Sketch the region enclosed by the given curves. Decide whether to integrate with respect to x or y. Then find the area of the region. 2y = 4√x and y = 5 and 2y+2x = 6.

I would integrate along dy, since the boundary changes at x=1

That makes the integral easy:

∫[2,5] (y^2/4 - (3-y)) dy

If we integrate along dx, then we need
∫[-2,1] 5-(3-x) dx + ∫[1,25/4] 5-2√x dx

To sketch the region enclosed by the given curves and find its area, we can follow these steps:

1. Sketch the curves:
- The equation 2y = 4√x represents a parabola opening to the right with its vertex at the origin (0,0). To sketch the curve, you can plot some points by substituting different values of x and calculating the corresponding y values.
- The equation y = 5 represents a horizontal line at y = 5.
- The equation 2y + 2x = 6 can be rewritten as y = 3 - x. This represents a line with a slope of -1 and y-intercept of 3.

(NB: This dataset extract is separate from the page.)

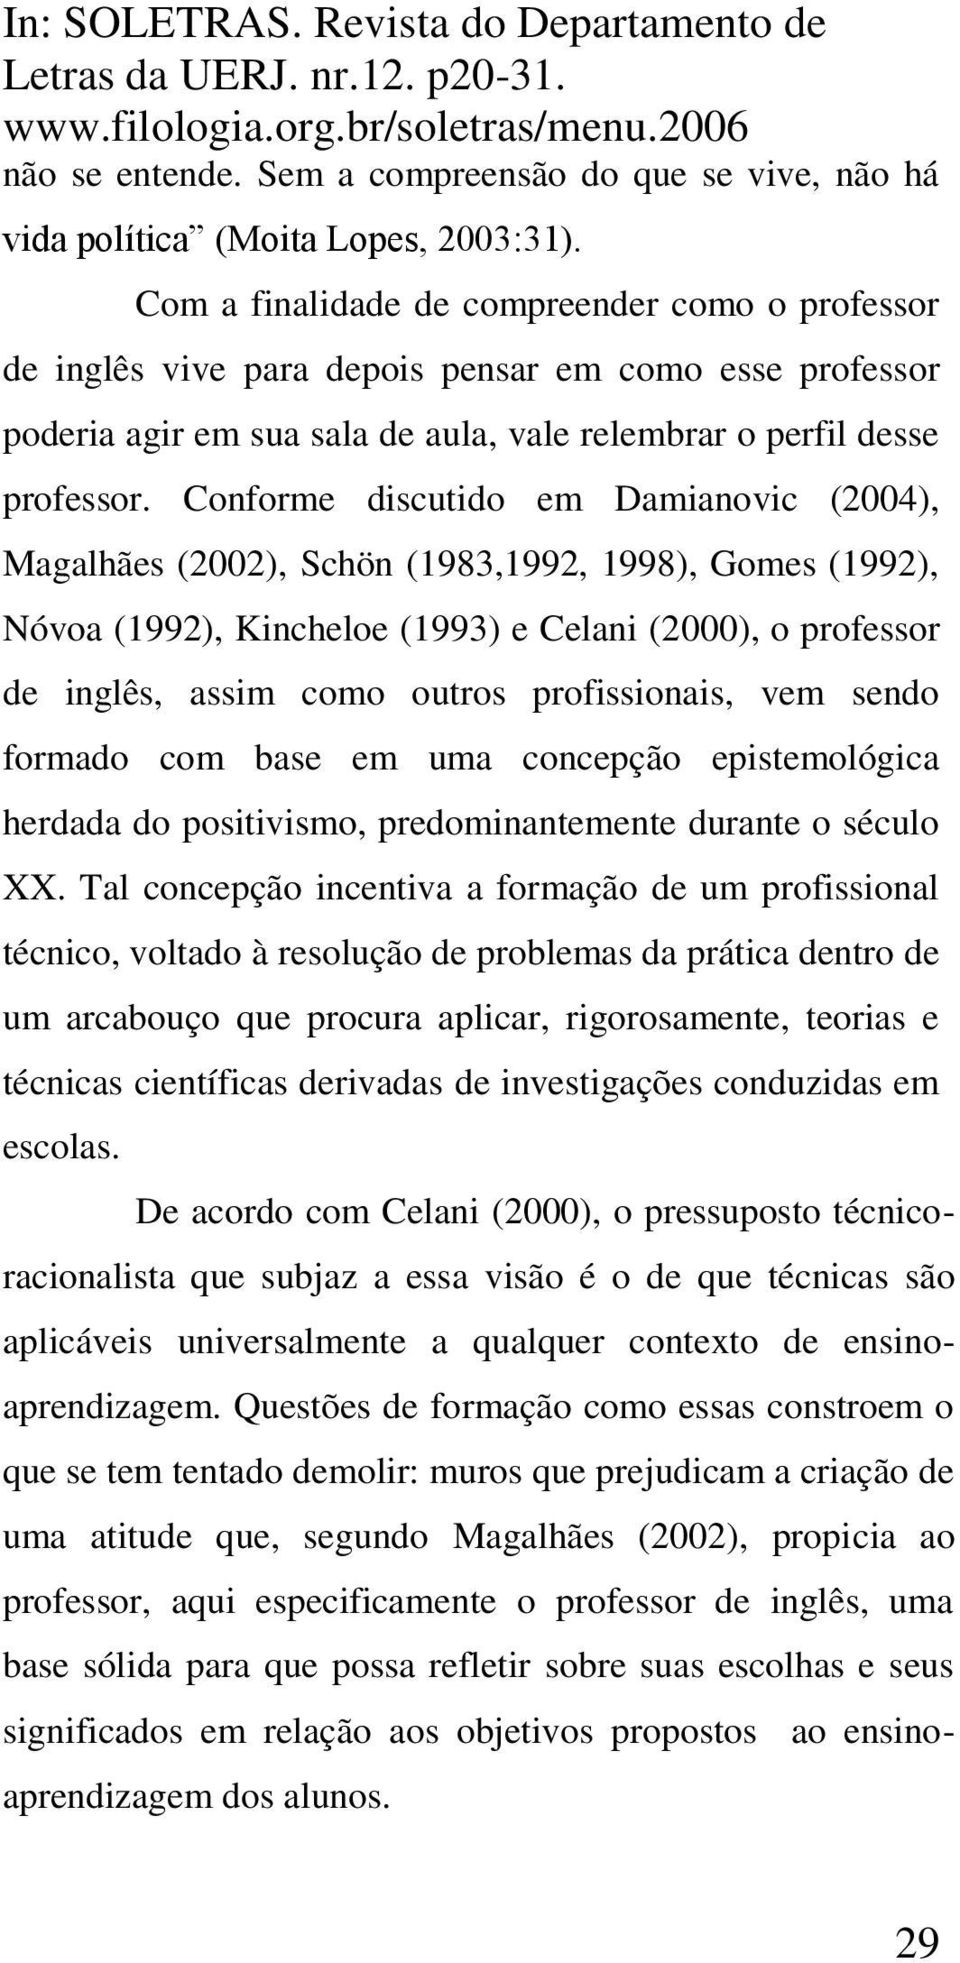 Conforme discutido em Damianovic (2004), Magalhães (2002), Schön (1983,1992, 1998), Gomes (1992), Nóvoa (1992), Kincheloe (1993) e Celani (2000), o professor de inglês, assim como outros

On a graph, you can plot these curves and label them accordingly.

2. Determine the intersection points:
To find the intersection points, we need to solve the equations simultaneously:
- Substituting y = 5 into the equation 2y = 4√x, we get 10 = 4√x. Simplifying, we get √x = 10/4 = 5/2. Squaring both sides, we have x = (5/2)² = 25/4.
- Substituting y = 5 into the equation y = 3 - x, we get 5 = 3 - x. Solving for x, we find x = -2.

So the intersection points are (-2, 5) and (25/4, 5).

3. Decide whether to integrate with respect to x or y:
To determine the correct integration bounds, we look at the x-values of the intersection points. The region is bounded between x = -2 and x = 25/4. Therefore, we will integrate with respect to x.

4. Set up the definite integral:
The area can be calculated as the integral of the top curve minus the bottom curve between the given bounds:
A = ∫[x=-2 to 25/4] (4√x - (3 - x)) dx.

5. Evaluate the integral:
By integrating the expression and evaluating it between the given bounds, we can find the area of the region.

Following these steps, you can sketch the region, find the intersection points, and then set up and evaluate the integral to determine the area of the enclosed region.